*** Opening Data shown ***

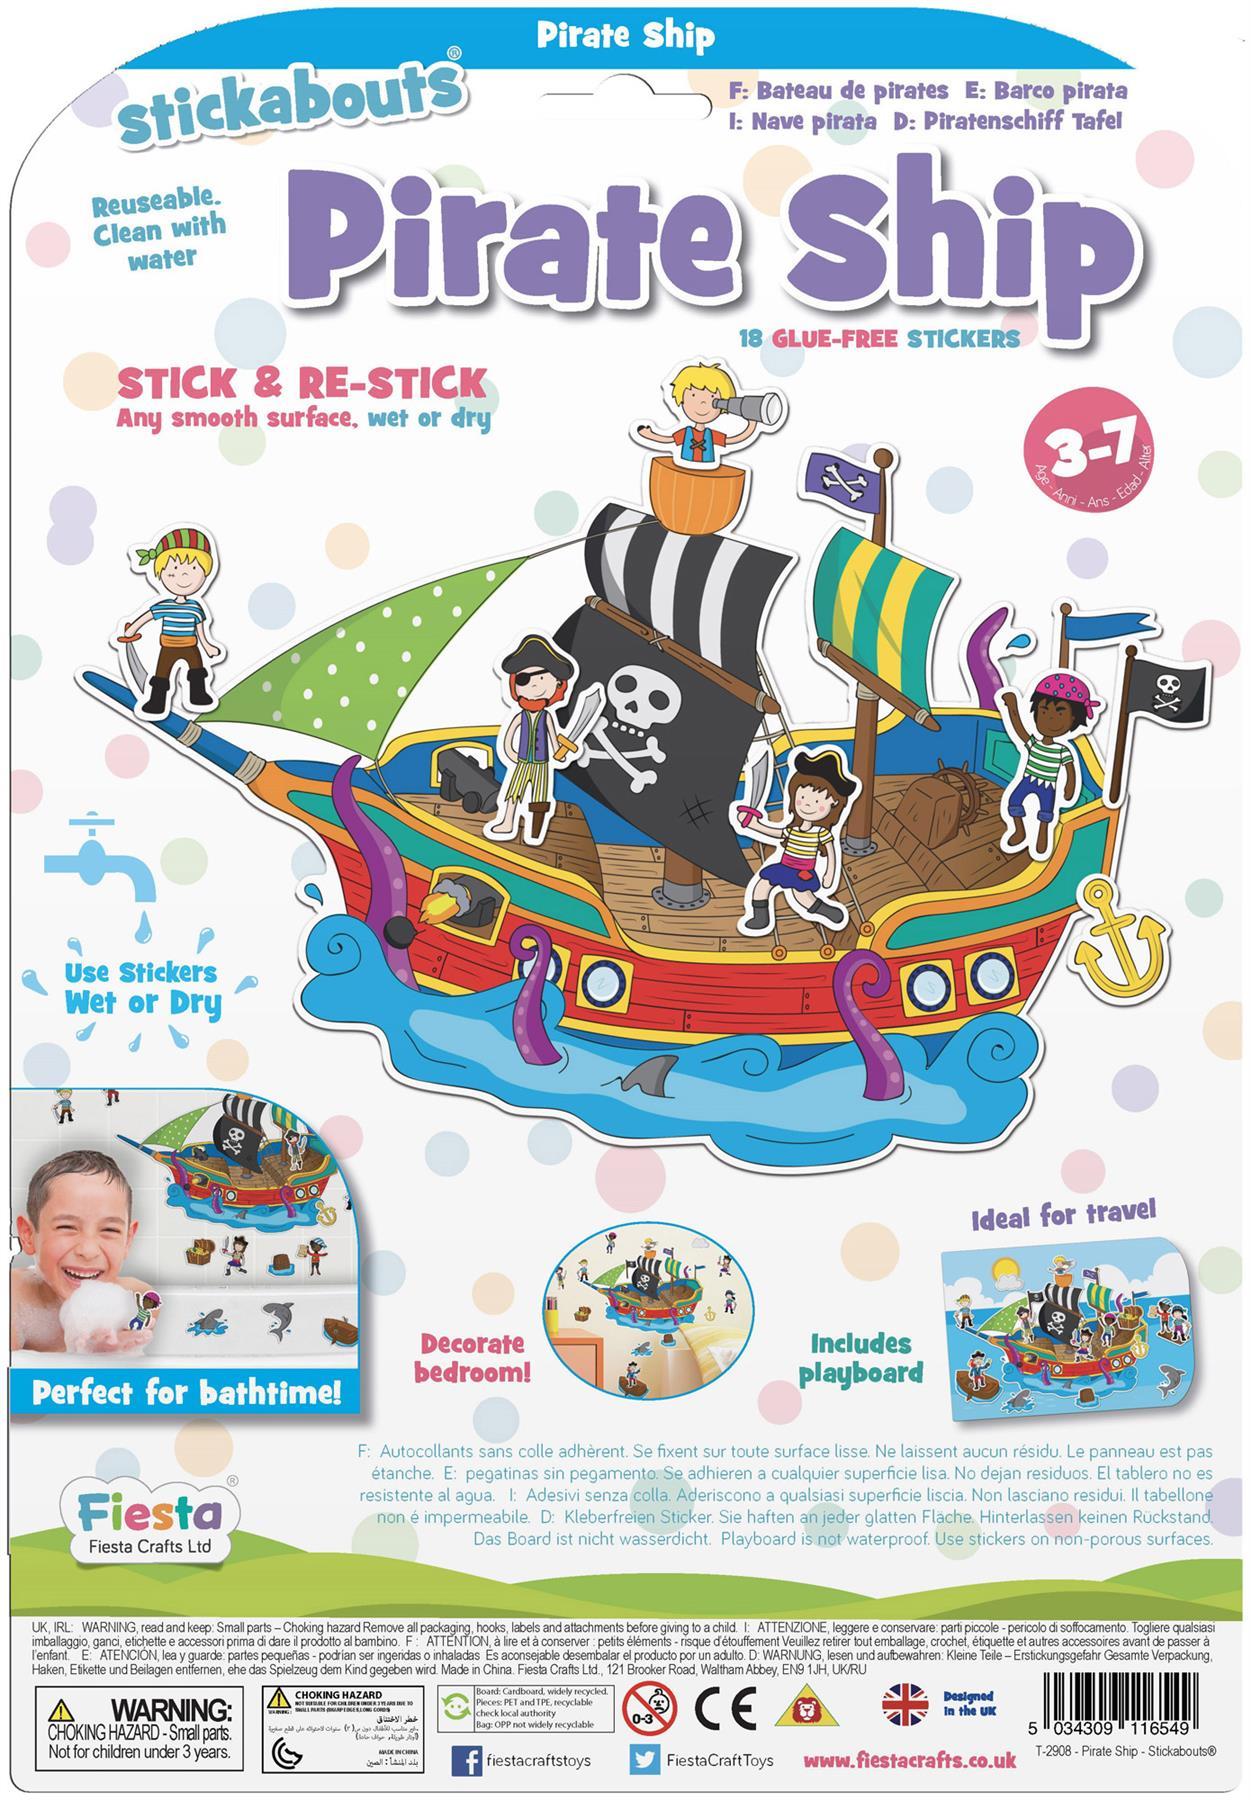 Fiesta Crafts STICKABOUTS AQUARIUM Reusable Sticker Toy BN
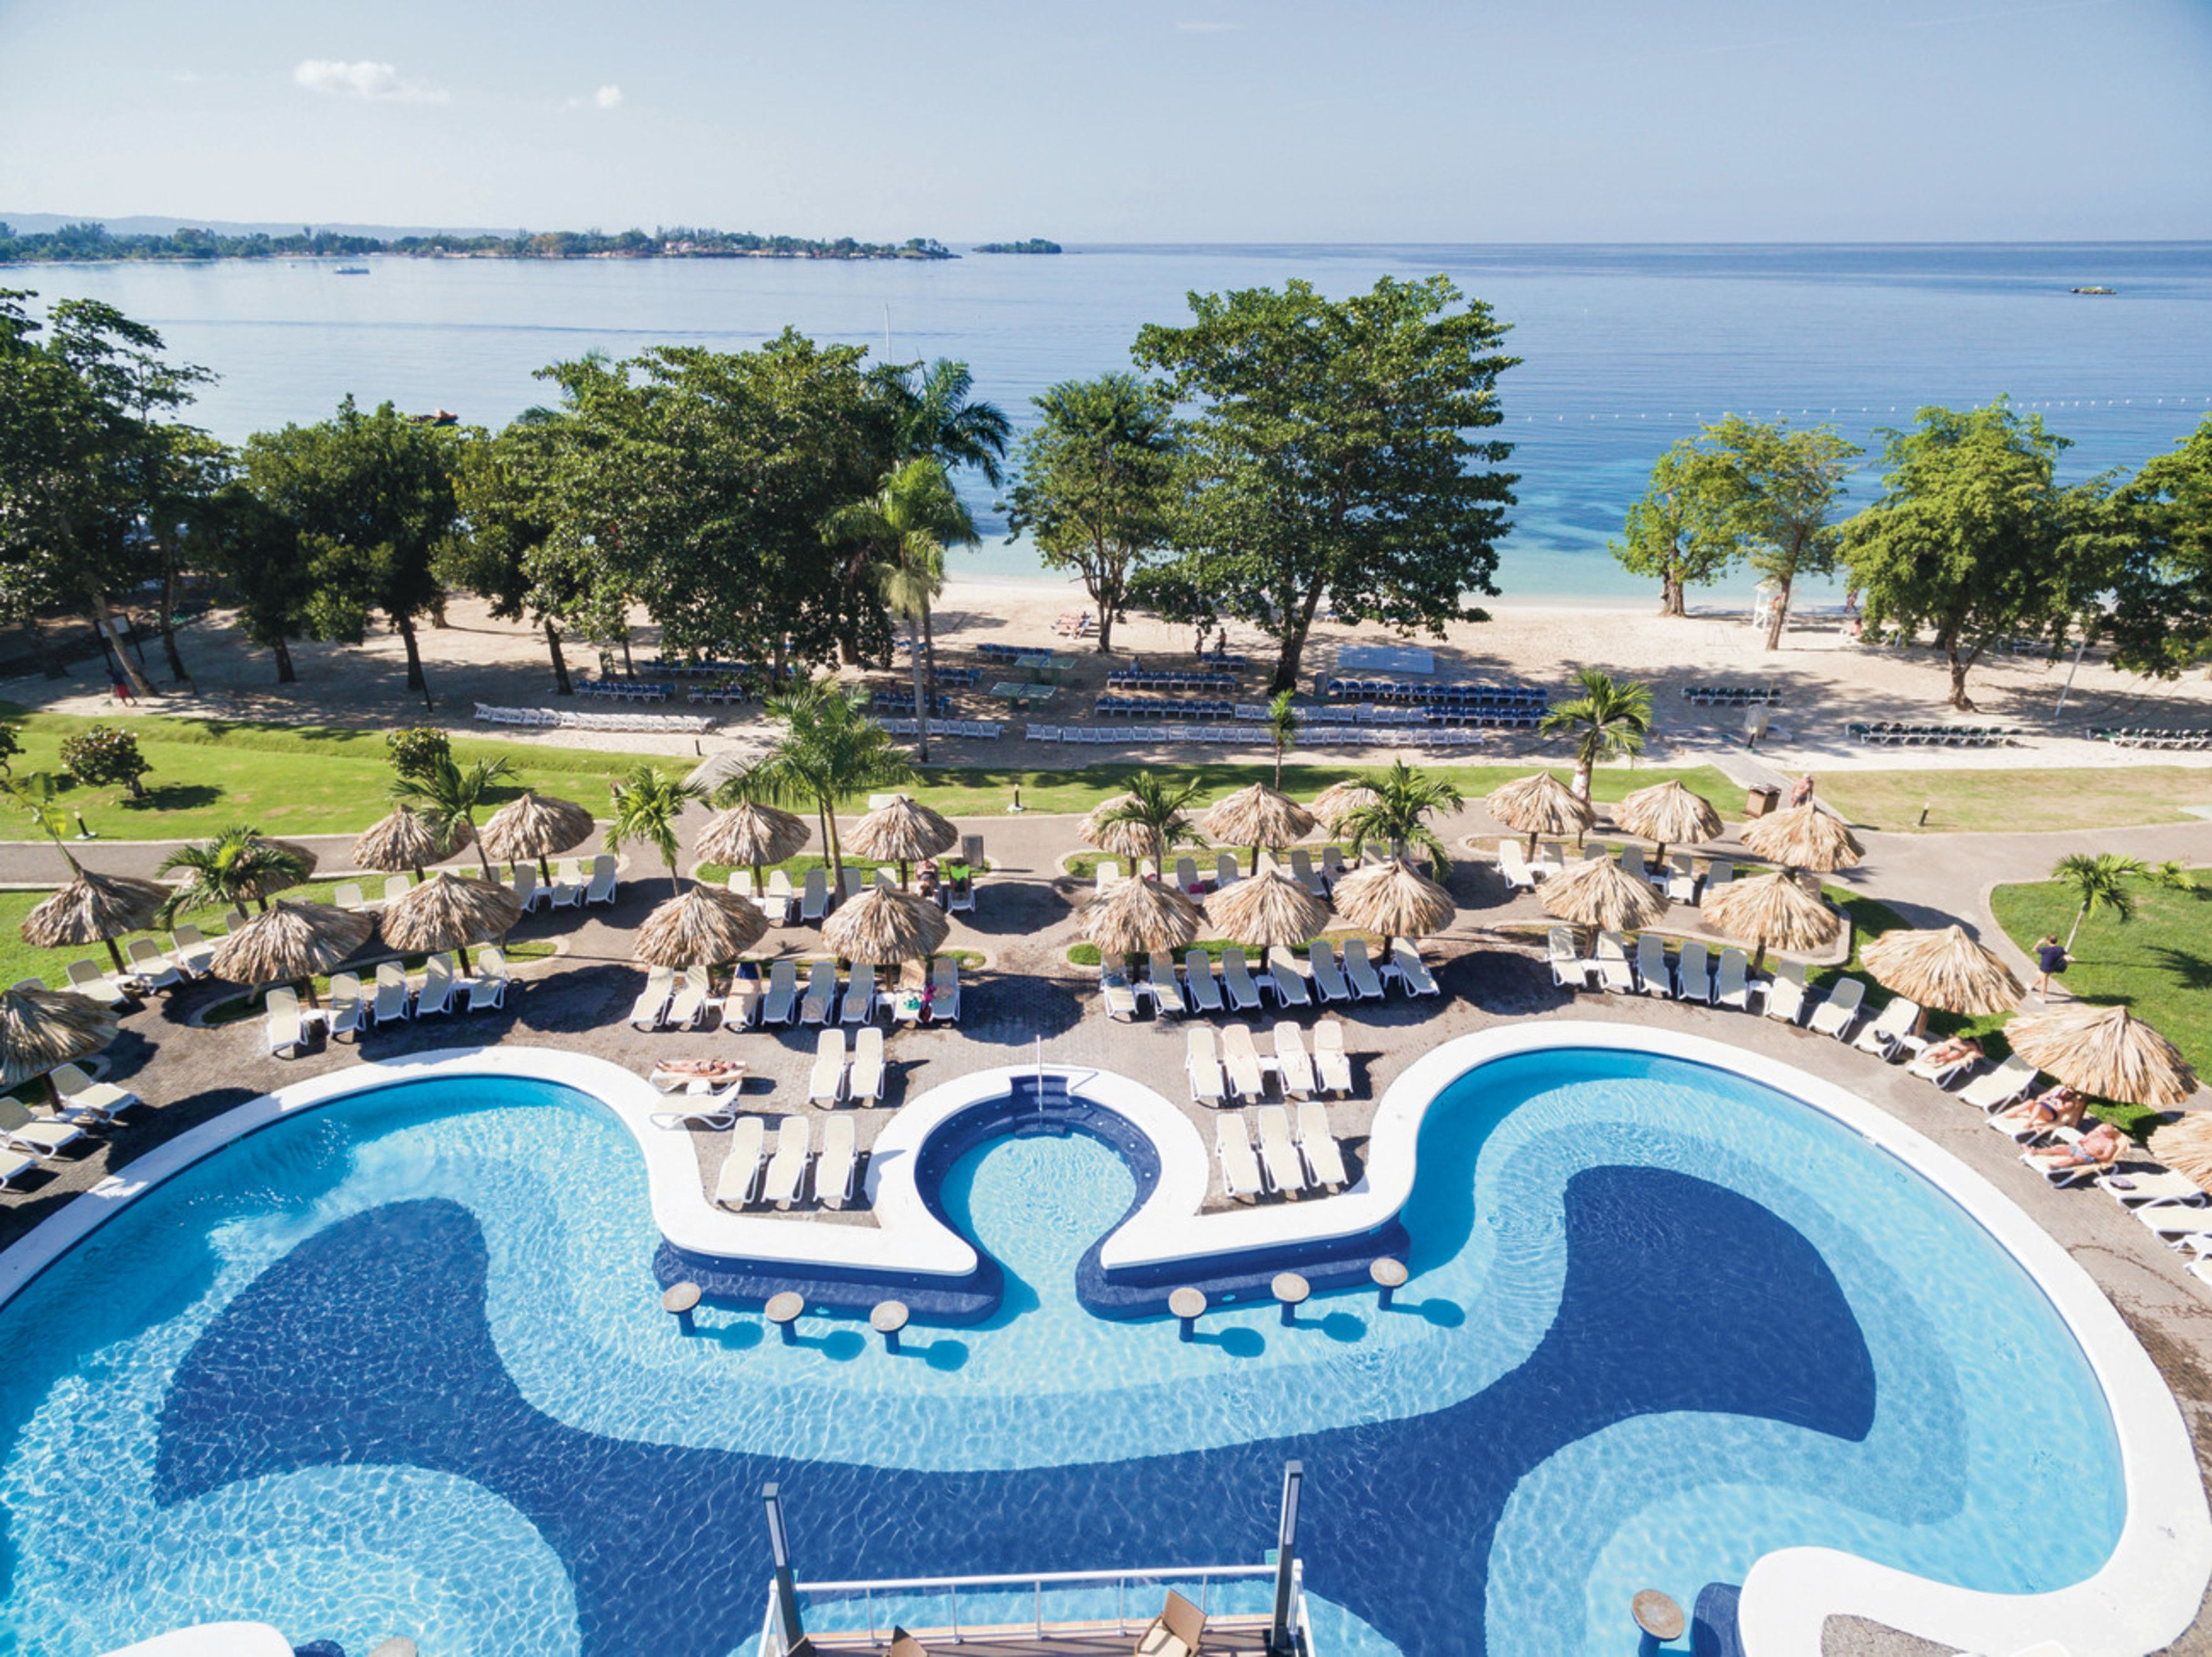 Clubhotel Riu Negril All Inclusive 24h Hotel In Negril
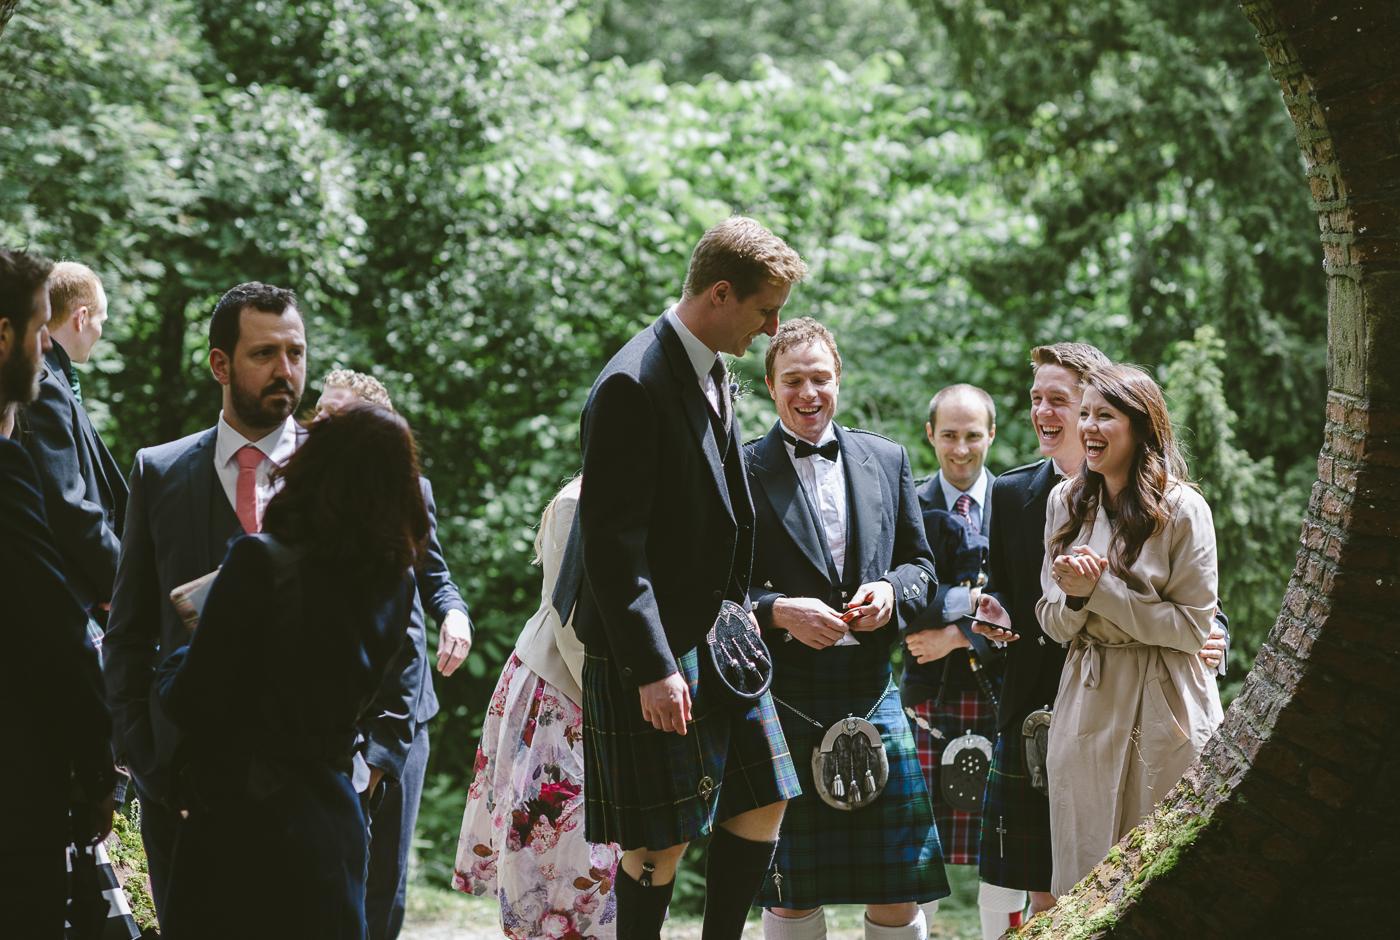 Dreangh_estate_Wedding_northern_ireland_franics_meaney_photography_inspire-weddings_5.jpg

*** Closing Data shown ***

# What the task asks
Each line above is to be duplicated exactly, and the pictures are to be omitted.

# Answer below
 Fiesta Crafts STICKABOUTS AQUARIUM Reusable Sticker Toy BN
 Clubhotel Riu Negril All Inclusive 24h Hotel In Negril
 Dreangh_estate_Wedding_northern_ireland_franics_meaney_photography_inspire-weddings_5.jpg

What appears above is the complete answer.